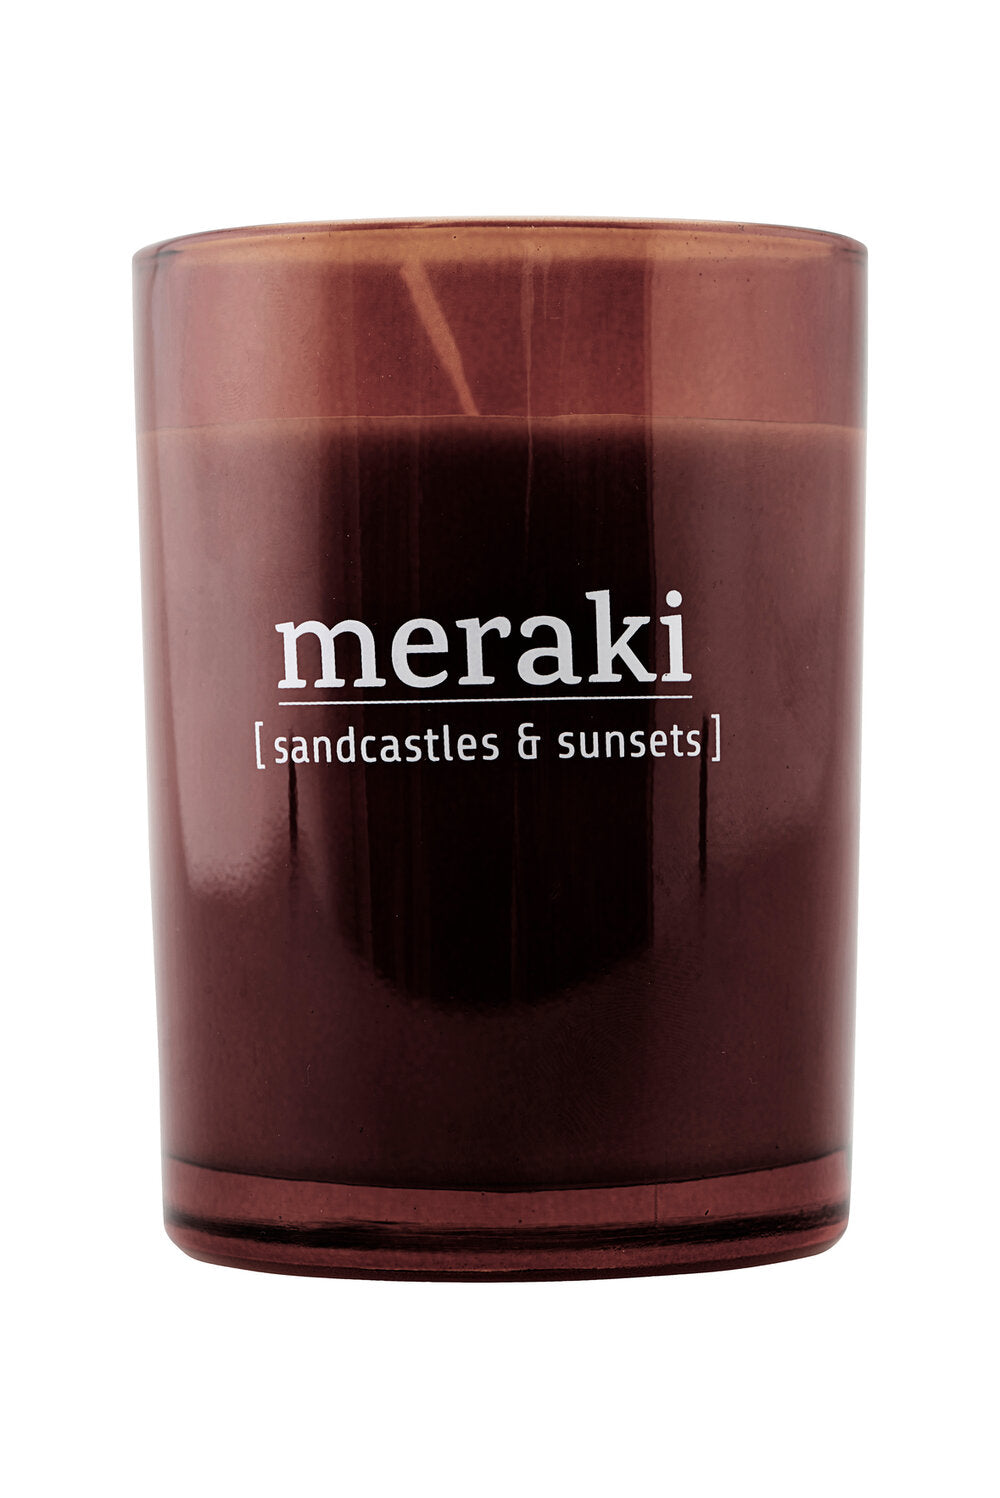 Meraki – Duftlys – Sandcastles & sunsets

--

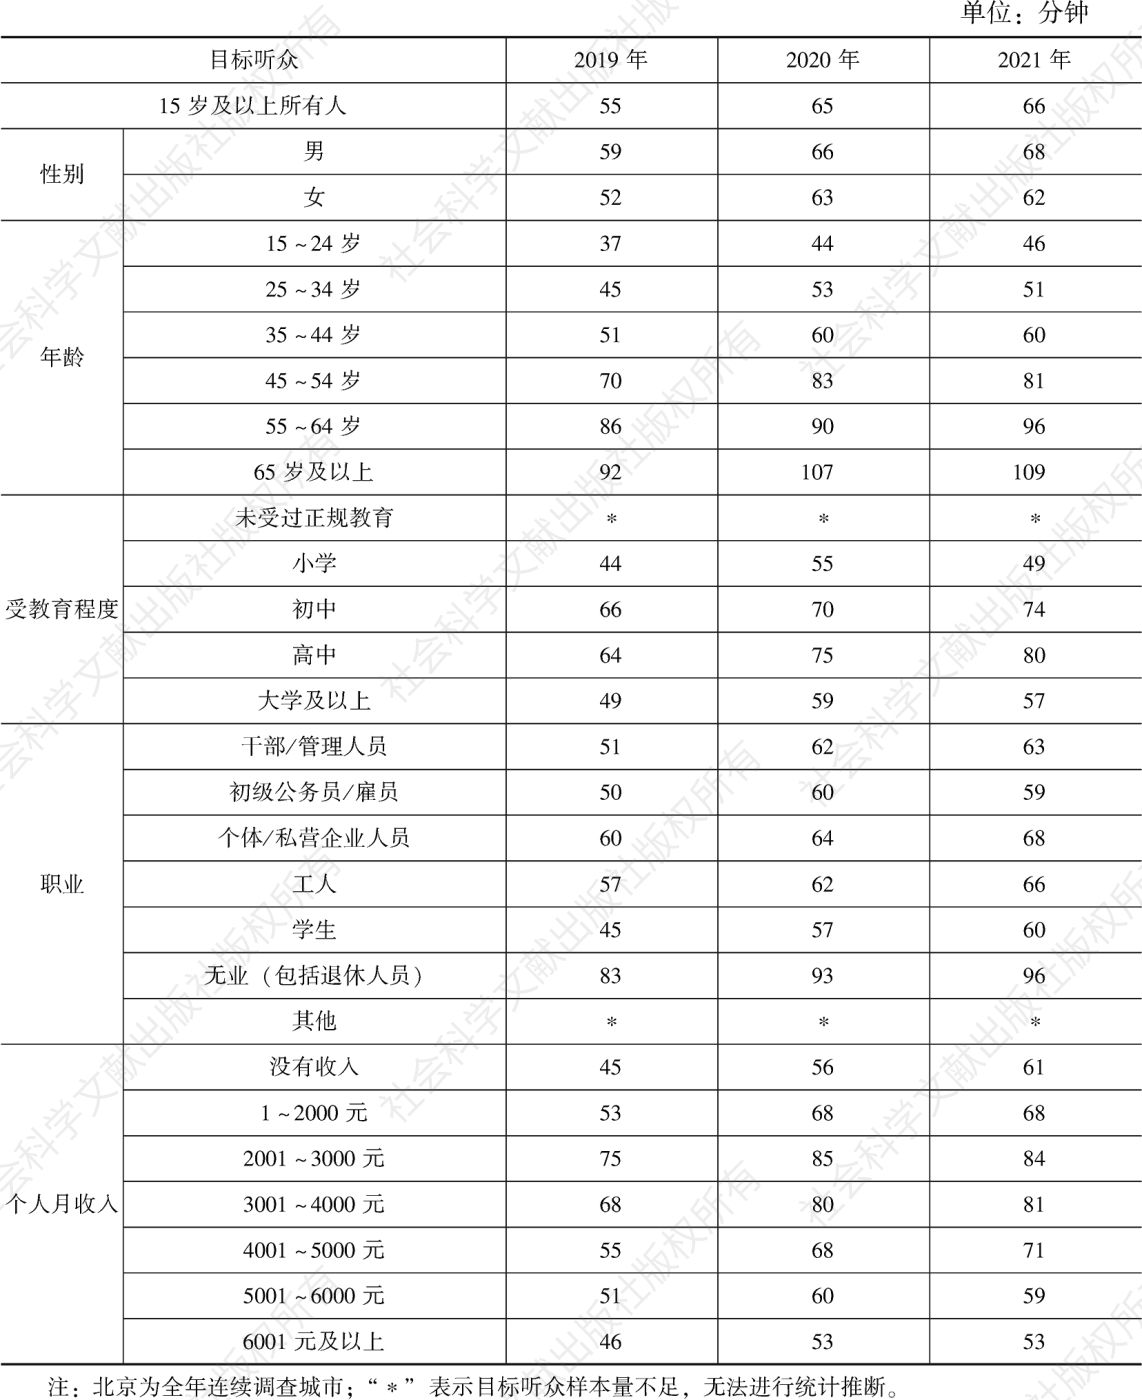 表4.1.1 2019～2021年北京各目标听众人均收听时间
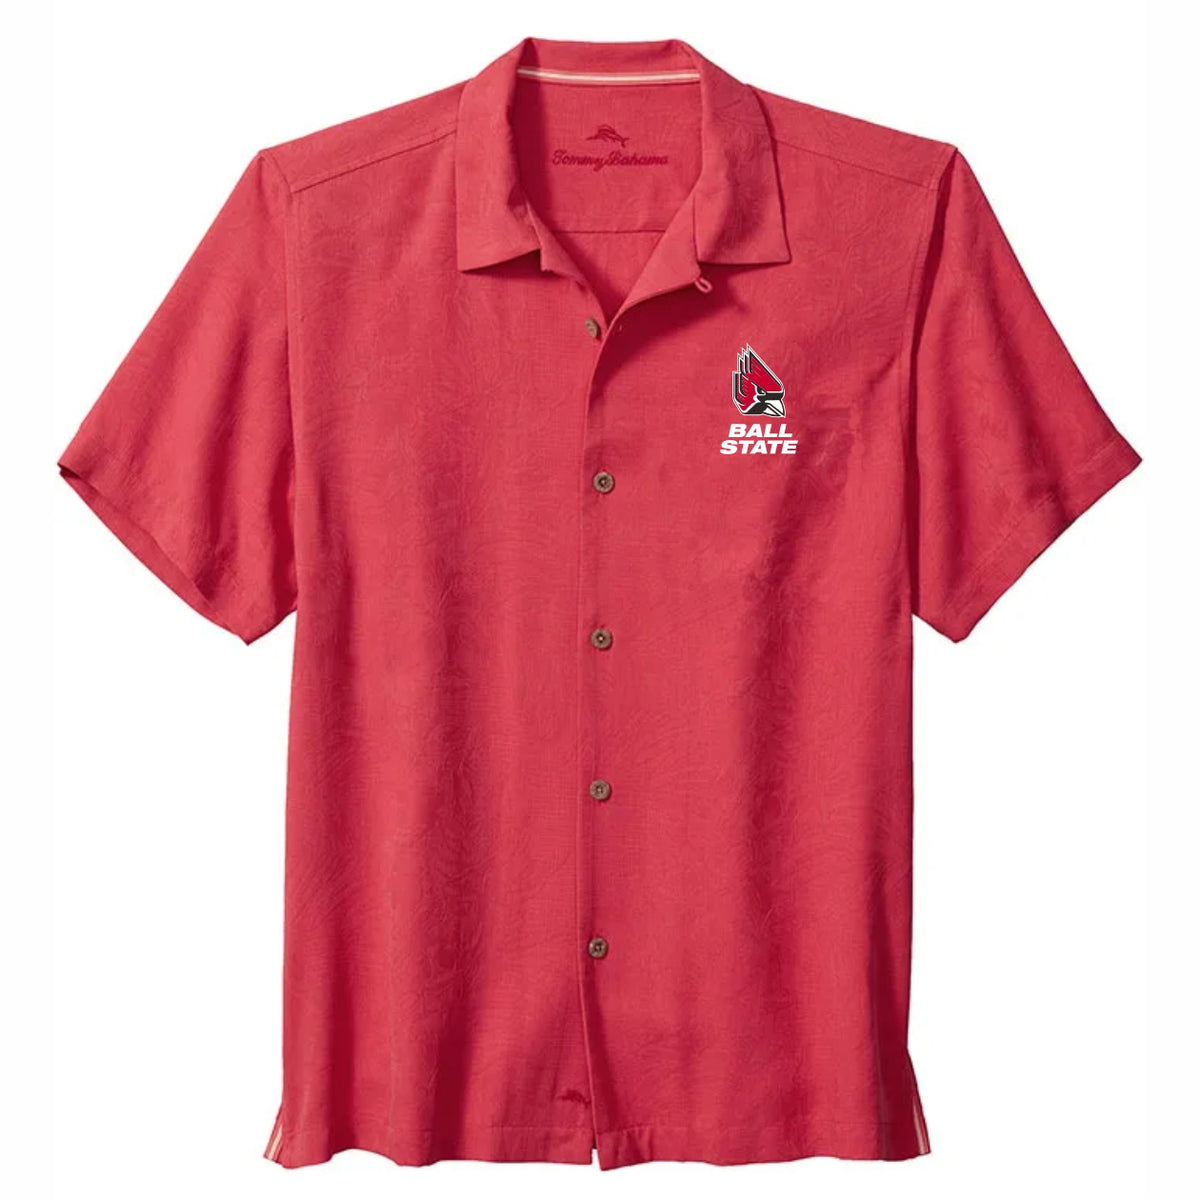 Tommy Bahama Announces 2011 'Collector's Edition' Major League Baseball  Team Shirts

---

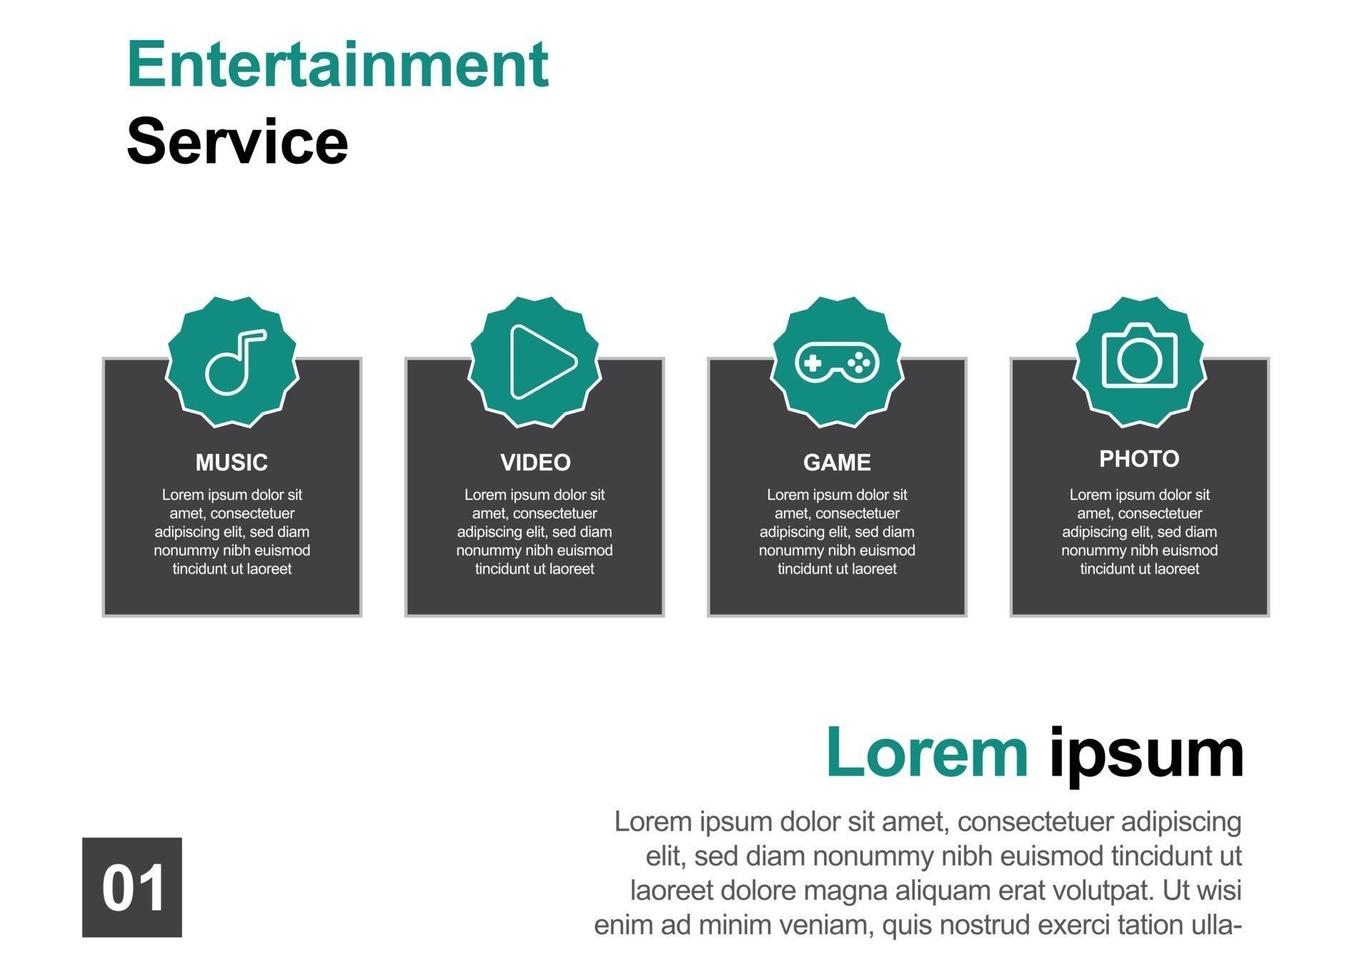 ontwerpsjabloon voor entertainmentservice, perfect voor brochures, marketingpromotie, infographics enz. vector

▶ [Task item] From the records above, return exactly the lines running from the one that contains "表4.1.1 2019～2021年北京各目标听众人均收听时间" down to the one that contains "Tommy Bahama Announces", both included, without any pictures.

▶ [Output of the exercise]
 表4.1.1 2019～2021年北京各目标听众人均收听时间
 Tommy Bahama Announces 2011 'Collector's Edition' Major League Baseball  Team Shirts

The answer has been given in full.